Monopolists want to sell you thus it's imperative they maintain the fiction of "one person, one account". By admitting you own your account, they'd have to allow sharing and they wouldn't be able to provide their customers (advertisers) with reliable data about individuals.

"protect people from scraping"

Monopolists will protect themselves and call it protecting you. They will attempt to make you afraid of some other actor using your data in harmful ways so as to detract from how they monetize you and use your data in harmful ways.

"deter the abuse"

Monopolists don't want to argue about what constitutes abuse. Anything they write in their TOS is entirely for their benefit and only constrained by local law (if that). They will abuse you to the fullest extent they can get away with while arguing that any action to use your rights is "abuse."
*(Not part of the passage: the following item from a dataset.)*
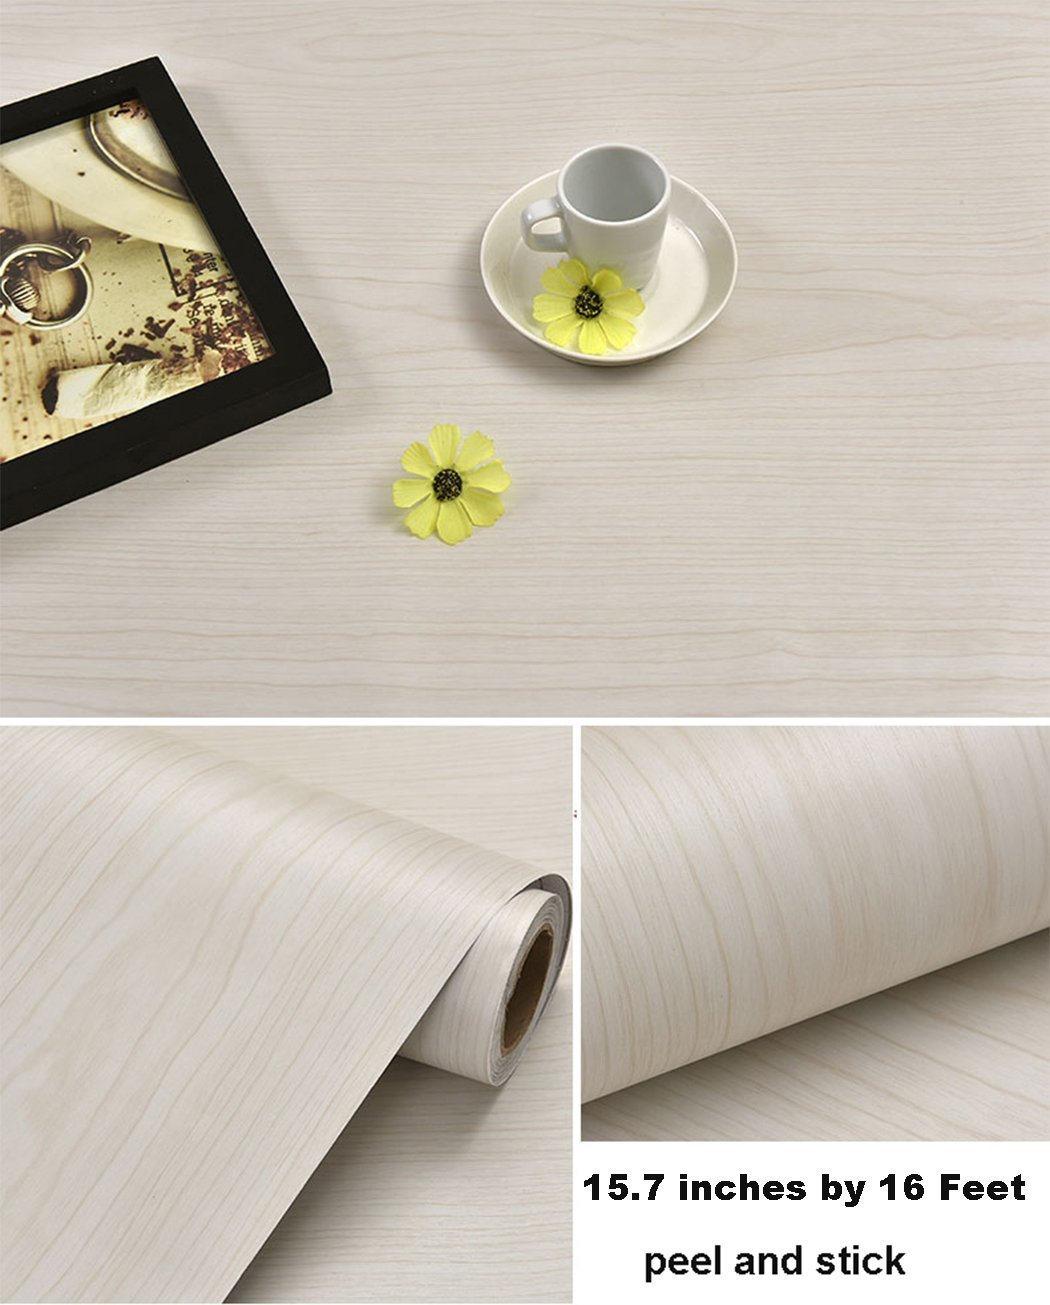 Products glow4u self adhesive light oak wood grain contact paper shelf drawer liner for kitchen cabinets shelves drawer cupboards table arts and crafts decal 15 7x197 inches

"safeguard people against clone sites"

Monopolists want to maintain their monopoly, there is no greater threat than a direct challenge to that monopoly by allowing data to move freely.

--

More subtle but even more ironic rhetorical points

"for hire" / "paying for access"

Emphasizing that people making money (gasp) for providing this service, is bad.

"industry leader in taking legal action" + "across many platforms and national boundaries, also requires a collective effort from platforms, policymakers and civil society"

Monopolists can pay high priced marketers to rebrand them as patriotic hero figures fighting valiantly for the little guy.

8 comments

While I agree with your assessment of the BS in the article wrt scraping, and also agree with your assessment that the behaviour is completely about FB protecting itself and its monopoly control (the word control being important), I think its important to emphasize its not about FB caring whether other entities having access to the data, its about FB caring about it's public perception with regard to its having that data at all.

Over the last few years or so it feels like, to reference a @dril tweet[1], Facebook has just been 'turning a big dial taht says "data access" on it and constantly looking back at the audience for approval like a contestant on the price is right' with how much it allows 3rd parties to get at its data.

Keep in mind ~5 years ago the big thing at FB was "Open Graph" and "Graph Search" which gave everyone really in-depth access to their data with the idea that Facebook would be the "data platform" on top of which all of these 3rd parties would build apps and interfaces. This of course eventually resulted in the whole Cambridge Analytica thing and now this gigantic swing in the other direction of being overly protective of the data as a kneejerk PR reaction to all the bad press.

FB loved sharing data and provided a direct API for accessing it when the public narrative was about data freedom and 3rd party developer friendliness and it hates giving any access at all and goes around sues web scrapers now that the public narrative is all about privacy.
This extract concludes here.